Ketua DP-MUI Din Syamsuddin menggunakan dasar Ketetapan MPR tahun 1978 tentang Garis-Garis Besar Haluan Negara(GBHN) sebagai dasar penolakannya. Dalam Tap yang berusia hampir 40 tahun itu ada tertulis bahwa penghayat kepercayaan bukanlah agama. Dalam Tap itu juga disebut pembinaan dilakukan agar tidak mengarah pada pembentukan agama baru. Itu sebab Din lantas meminta para penghayat aliran kebatinan itu kembali kepada Islam.
Kementerian Pendidikan mencatat ada 187 kelompok penghayat kepercayaan yang tersebar di 13 provinsi. Sedangkan Dirjen Kependudukan mencatat jumlahnya ada lebih 138 ribu jiwa.
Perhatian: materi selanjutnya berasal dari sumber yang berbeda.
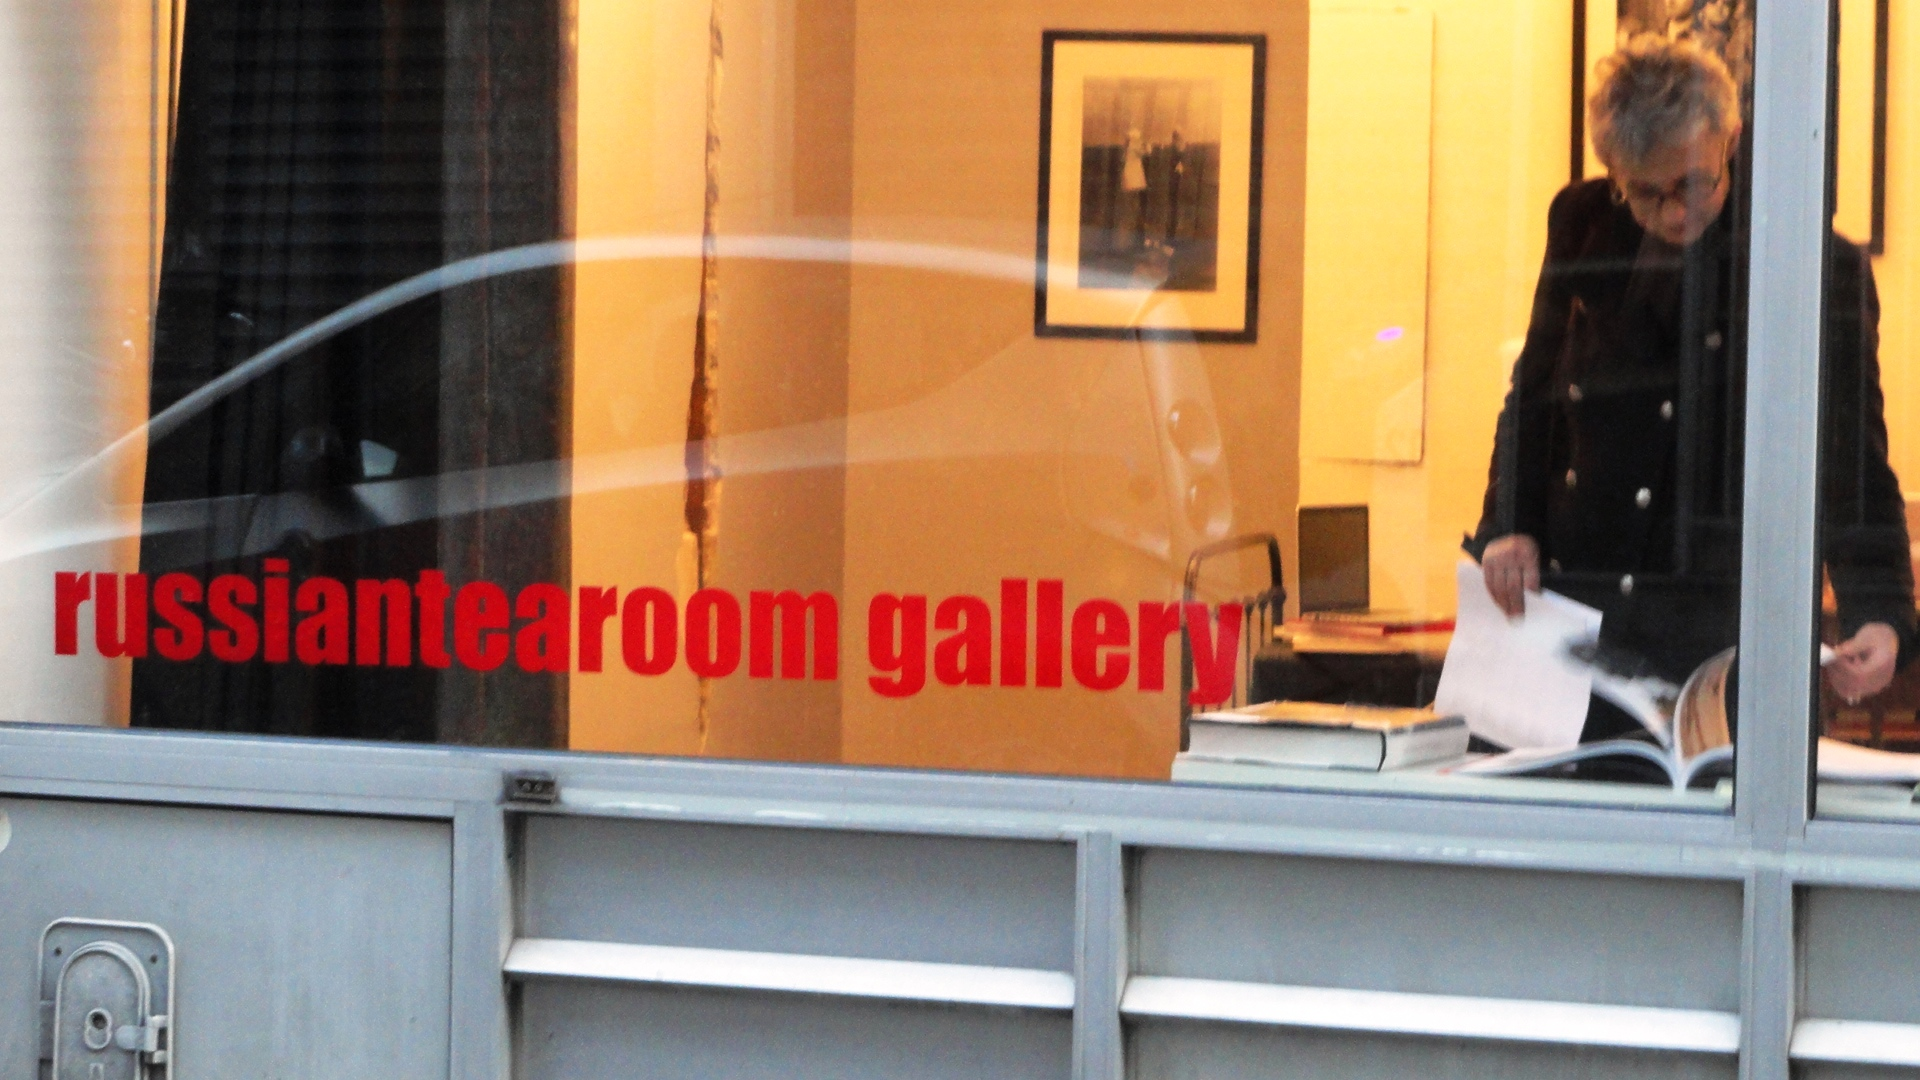 Russiantearoom gallery

Angka itu diperkirakan akan bertambah, ini lantaran sebelum putusan MK mereka mencatatkan diri sebagai pemeluk 6 agama yang diakui pemerintah. Salah satu pemohon uji materi itu contohnya yang terpaksa berbohong dengan keyakinannya agar bisa mendapatkan layanan publik.
Berkurangnya jumlah pengikut jadi sebab munculnya penolakan. Sebab lain lantaran tak ingin kepercayaan itu disejajarkan sebagai agama. Penolakan semacam itu atau meminta pemerintah membangkang pada putusan MK yang final dan mengikat, sepatutnya tak dilakukan. Apalagi hukum tertinggi di negeri ini UUD 45, memberikan jaminan hak bagi setiap warganya untuk beragama atau meyakini kepercayaan.